Gymnasium Reinforcement Learning Library
Gymnasium provides a standard API for reinforcement learning environments, offering a diverse set of reference environments for research and development. It is the spiritual successor to OpenAI Gym, maintained by the Farama Foundation, and receives frequent minor releases with bug fixes, new features, and API improvements. The current version is 1.2.3.
Warnings
- breaking The library package name changed from `gym` to `gymnasium` starting with v0.29.0 and definitively from v1.0.0. All imports must be updated.

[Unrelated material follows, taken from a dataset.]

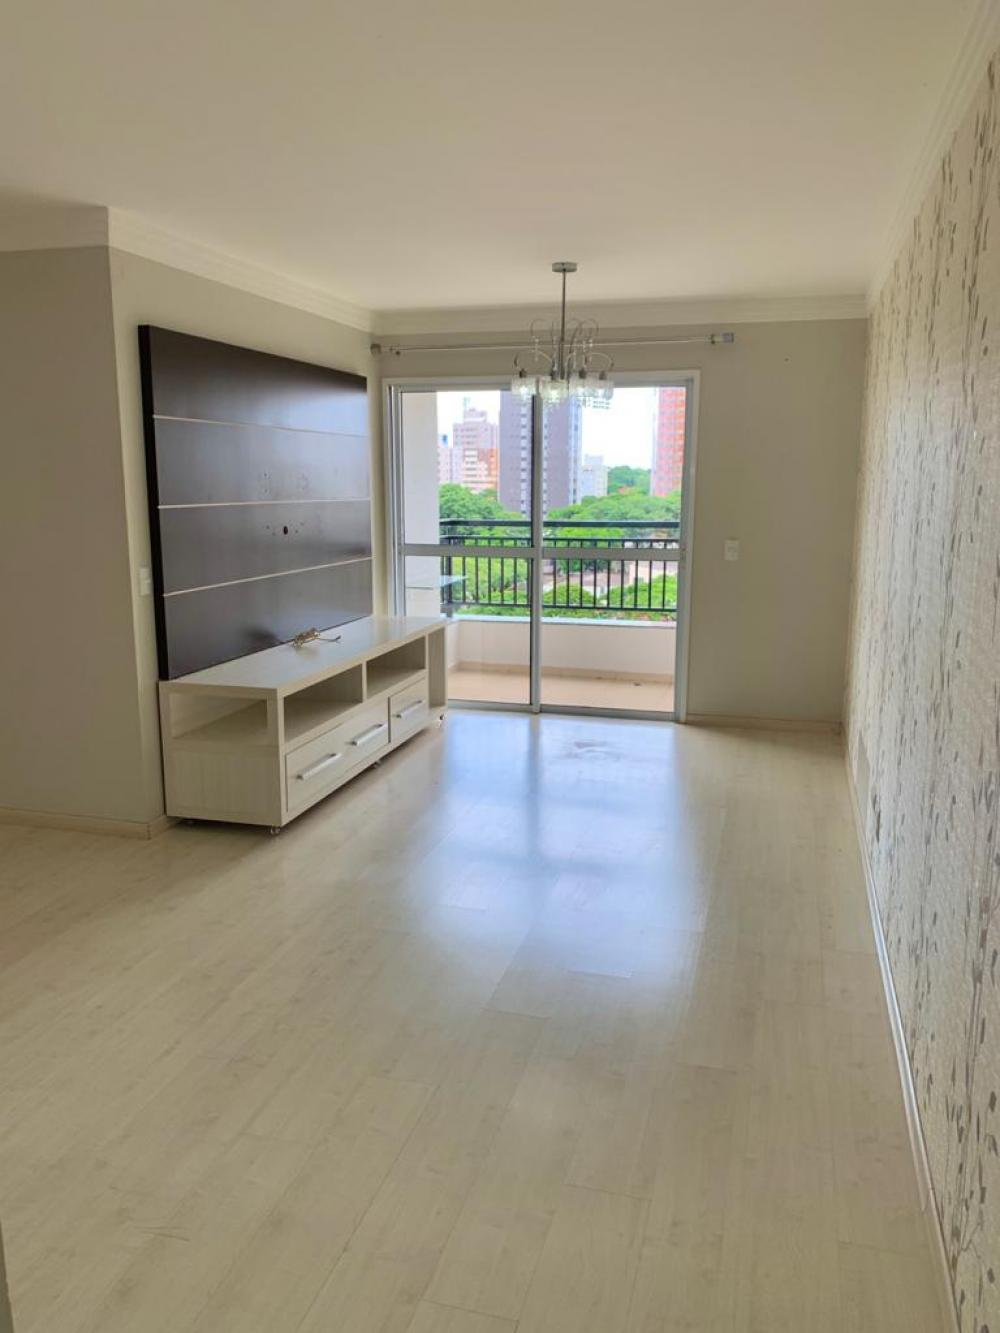 Maringa Apartamento Venda R$435.000,00 Condominio R$400,00 3 Dormitorios 1 Suite Area construida 82.64m2

- breaking The `Env.reset()` method now returns a tuple `(observation, info)` instead of just `observation`. The `info` dictionary provides additional diagnostic information.
- breaking The `Env.step()` method now returns `(observation, reward, terminated, truncated, info)`. The single boolean `done` has been split into `terminated` (true if the environment reached a terminal state) and `truncated` (true if the episode ended due to a time limit or other external factor).
- breaking The `render_mode` argument in `gymnasium.make()` is now mandatory if you intend to render the environment. If rendering is not needed, set it to `None`.
- breaking MuJoCo v2 and v3 environments (e.g., 'Ant-v2', 'Humanoid-v3') have been moved to the `gymnasium-robotics` project. They are no longer part of the core `gymnasium` library.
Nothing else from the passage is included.